# 29G Biocube stocking list



## igot2gats (Aug 12, 2010)

29G Biocube planted:

6 Blue Neon Tetras

6 Neon Danios

3 Cherry Barbs

2 Red Cherry Shrimp

Thoughts?


----------



## mk4gti (Jun 15, 2010)

More red cherry shrimp? Were they like 5$ each at ur LFS? i had that problem but i just ordered a ton online and split them up in most of my tanks. Maybe some otos or corys? So far i bet it looks really good.


----------



## igot2gats (Aug 12, 2010)

mk4gti said:


> More red cherry shrimp? Were they like 5$ each at ur LFS? i had that problem but i just ordered a ton online and split them up in most of my tanks. Maybe some otos or corys? So far i bet it looks really good.


I don't have this livestock in my tank yet. I guess I should have said that this is my proposal.

I've heard Otos are good algae eaters, but I want to maximize color. Otos & Corys don't fit the bill for color, IMO.

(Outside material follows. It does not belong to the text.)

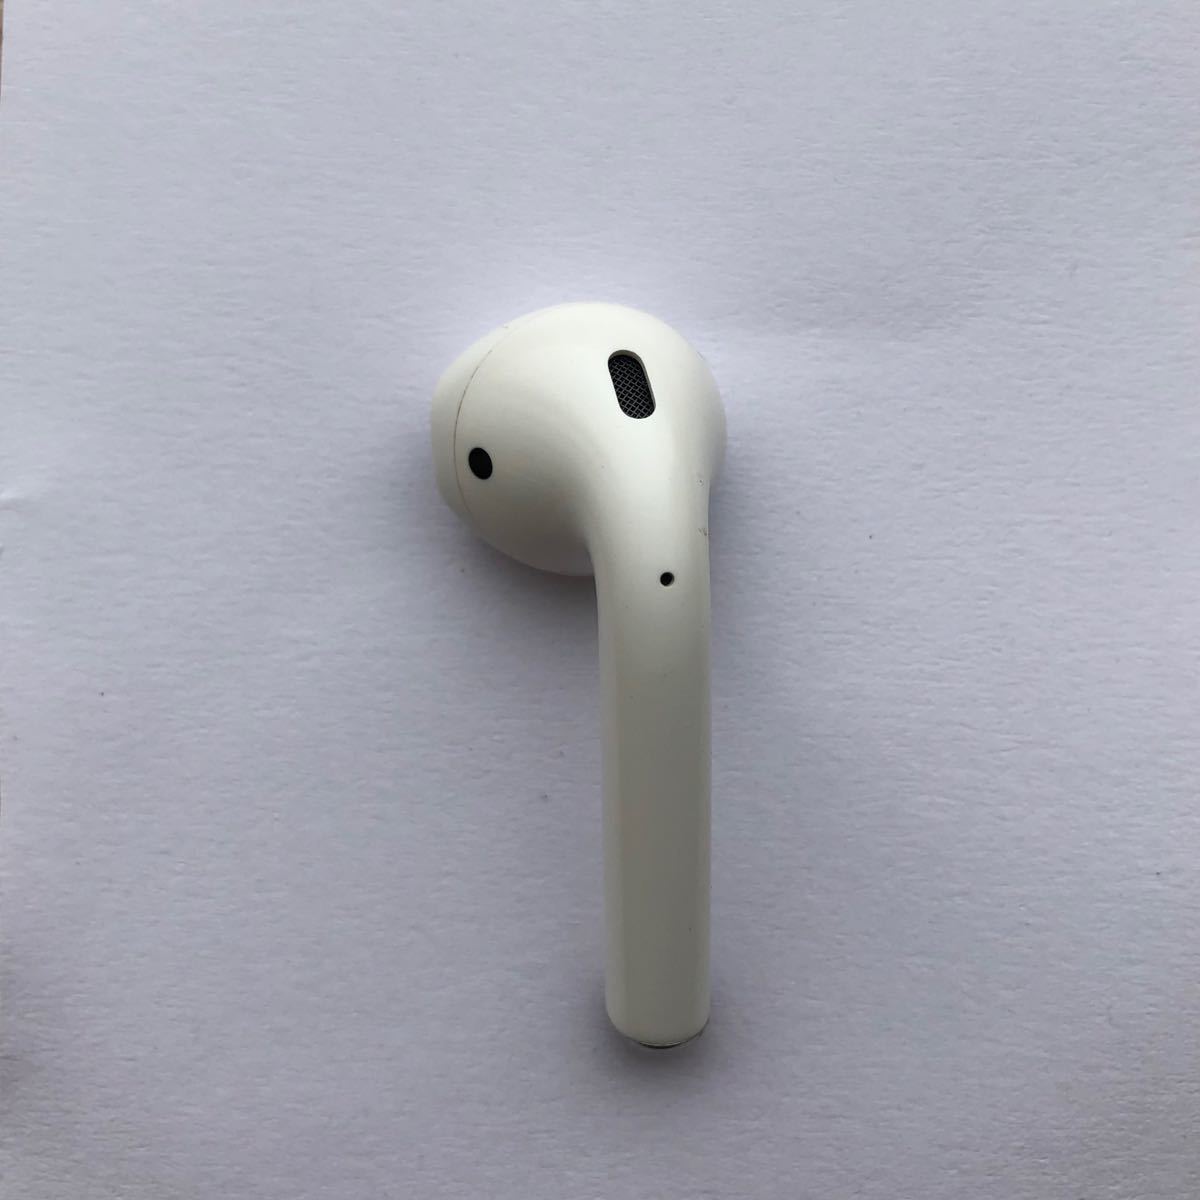 AirPods 2世代 片耳 L 片方 左耳 エアーポッズ｜PayPayフリマ

I guess I'm asking if anyone thinks there's anything wrong with the list?


----------



## mk4gti (Jun 15, 2010)

Lol there arent really many algea eaters that are very colorful. Shrimp will eat algea but u really want an oto or 2 becuase they are the best working algea eater in my oppinion. I would get some bottom feeders though, panda and emrald corys are awsome. Dont judge a fish by its color.... i beleive thats called racism.....


----------



## FearsomeB (Sep 3, 2010)

Let me know how that stocking list works out for you. I have a 14 gallon biocube that is well planted with 3 freshwater claims, 3 platies, 2 mollies and 3 otos. I recently tried to add 8 cherry shrimp but, for whatever reason, within 24 hours all of the shrimp wound up dead or drowned on top of the grate above the biofilter chamber in the back. They got past the cartridge filter in the first chamber somehow. I'm trying to think of how to prevent that from happening again if I get another batch.


----------



## igot2gats (Aug 12, 2010)

I think I'm not going to go with the Cherry Shrimp. I'm now sold on Otos. So, it'll be 2 Otos as my clean up crew.


----------



## mk4gti (Jun 15, 2010)

Get em both, shrimp have a minimal effect on ur bioload and dont need to count them towards your stocking list.


----------



## fisfan (Mar 24, 2010)

I think oto-cats are the right move. I have a 15gal with mexican beach pebbles as the hardscape. Before the otos I had serious problems with Brown Diatom Algae. Two days after I got my otos my whole tank is clean. As a bonus they are so active and alot of fun to watch.


----------



## littlefish (Aug 4, 2010)

Is a good choice.


----------